There is nothing like a ending a great weekend of mountain-top camping, and finding that when you go to drive off your leveling ramps the brake pedal hits the floor!
Originally I had thought that I must have kicked up a rock to damage the brake line, but I now attribute the break to my long tall T1N Sprinter body flexing the old rusted lines while traveling up a very rough unpaved trail, as the break was in a spot that nothing could have bumped it.
The lines fail where the clips holding them to the body rub and flex damaging the plastic coating allowing them to rust out.
More concerning was the fact that with only the brake line was damaged, I was completely without brake pressure for all 4 wheels.
I was unsuccessful trying fold and crimp the line, too old and brittle. So, I had to cut in and add a temporary piece and did a gravity bleed to that caliper to get back home.
I ran new lines using Nickel-Copper tubing, which I felt was much easier to work with than the steel lines, and yes I did check with the dealer regarding new lines and they do NOT come pre-bent, so why bother!
You'll need a bubble flare tool to do the job correctly, I also purchased a tubing reamer and plier-like bending tool for the job.
Since my 2002 had what I found to be a frozen/inoperative rear brake proportioning valve, I was able to form the new lines without it, and it must have been stuck in the "empty van" position as the van stops even better now. The ABS was unaffected, even on loose surfaces I am not getting any wheel lockup without it.
I did run down to near empty and dropped the fuel tank to run the lines, as I wanted to keep them as close to the original positions for protection while driving on unpaved roads/trails where I camp.
The most difficult part, to me at least, were the bends closest and connecting to the ABS unit.
I used a Motive power bleeder along with my D.A.D. tool bleeder function to remove the air bubbles.

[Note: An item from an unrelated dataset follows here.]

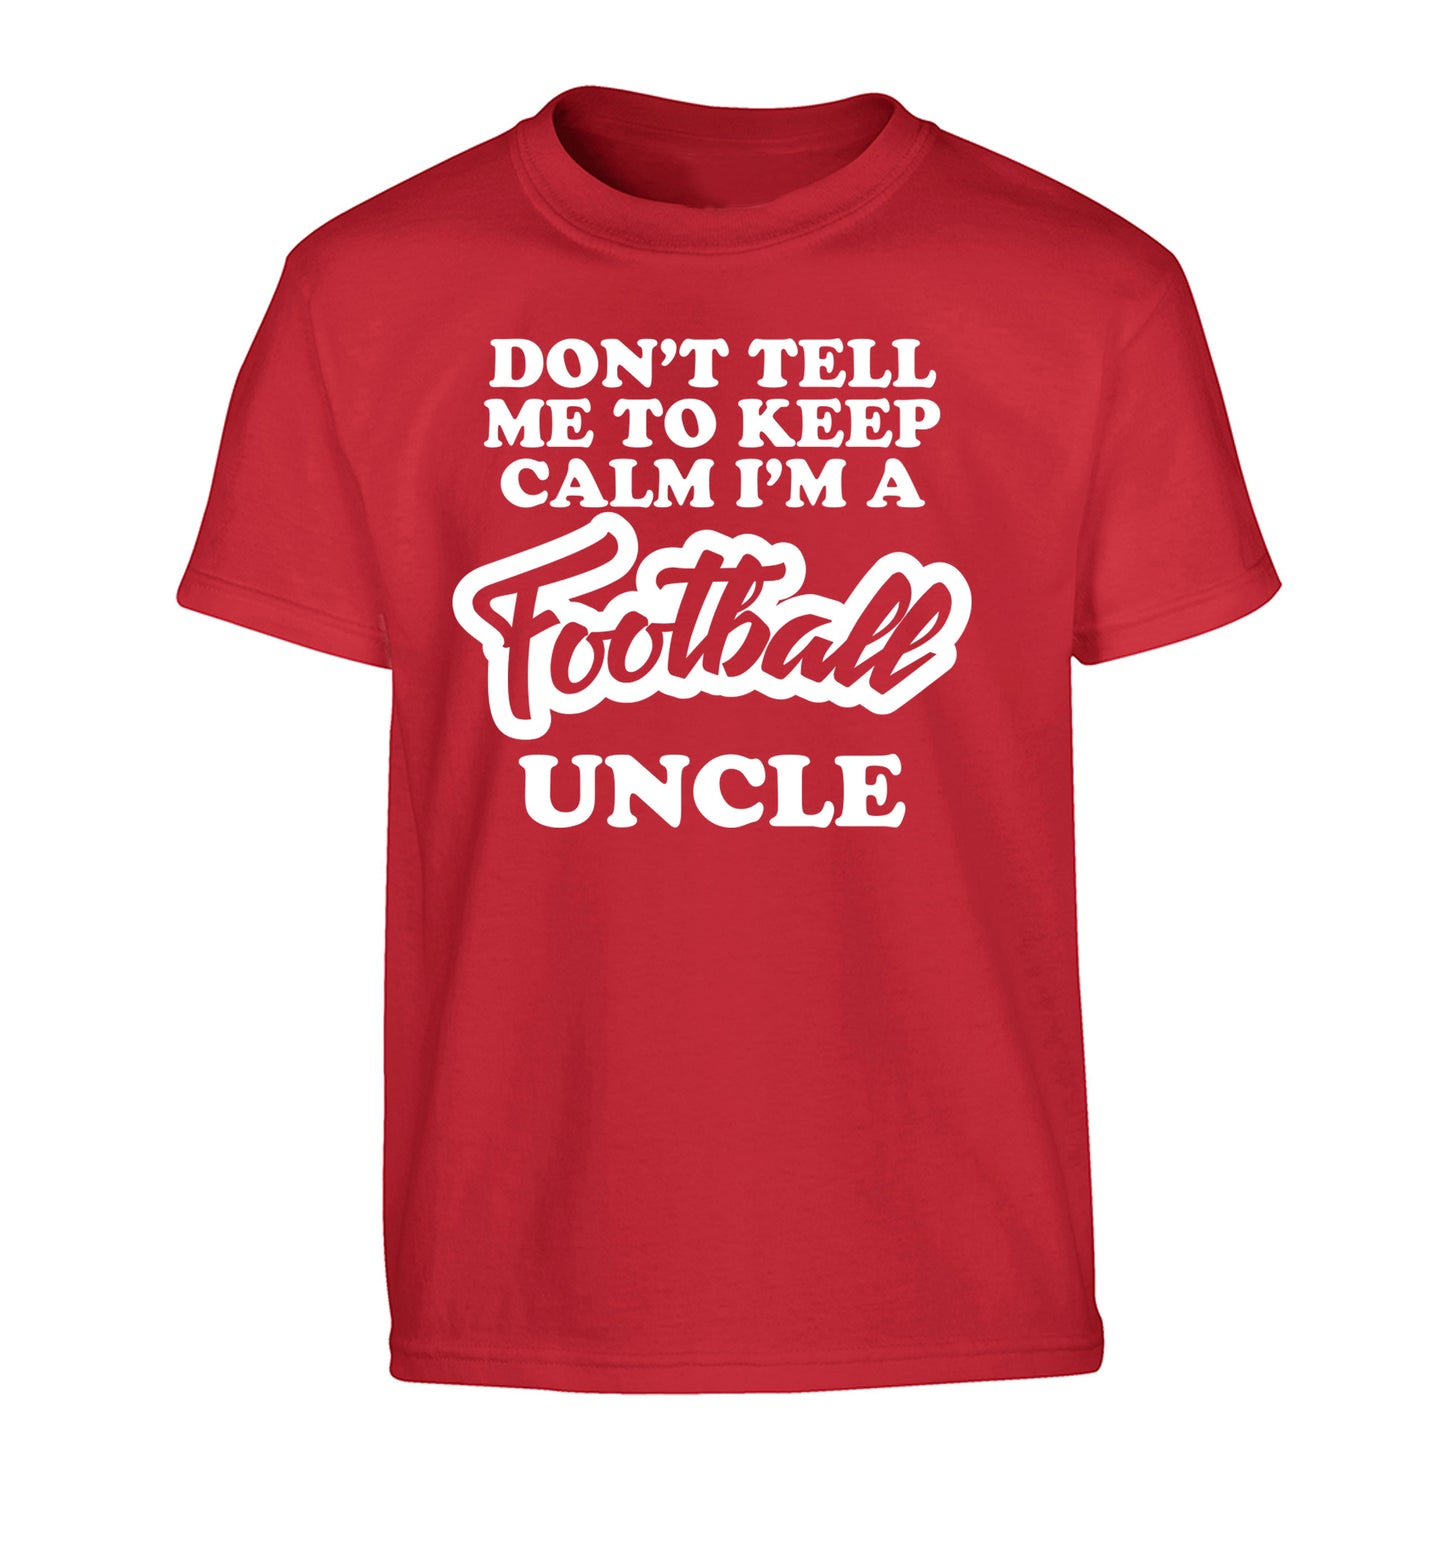 Worlds most amazing football uncle Children's red Tshirt 12-14 Years

FYI, if you do get stuck with a leaking line, the best way to get home is to plug the leaking line right at the port where it comes out of the ABS unit. I purchased and tested brass plugs used to block off unused master cylinder ports on dune buggies.
Our crafty pal Aqua Puttana fashioned similar plugs from the old threaded brake line hardware with a screw threaded into it... and soldered them shut as well?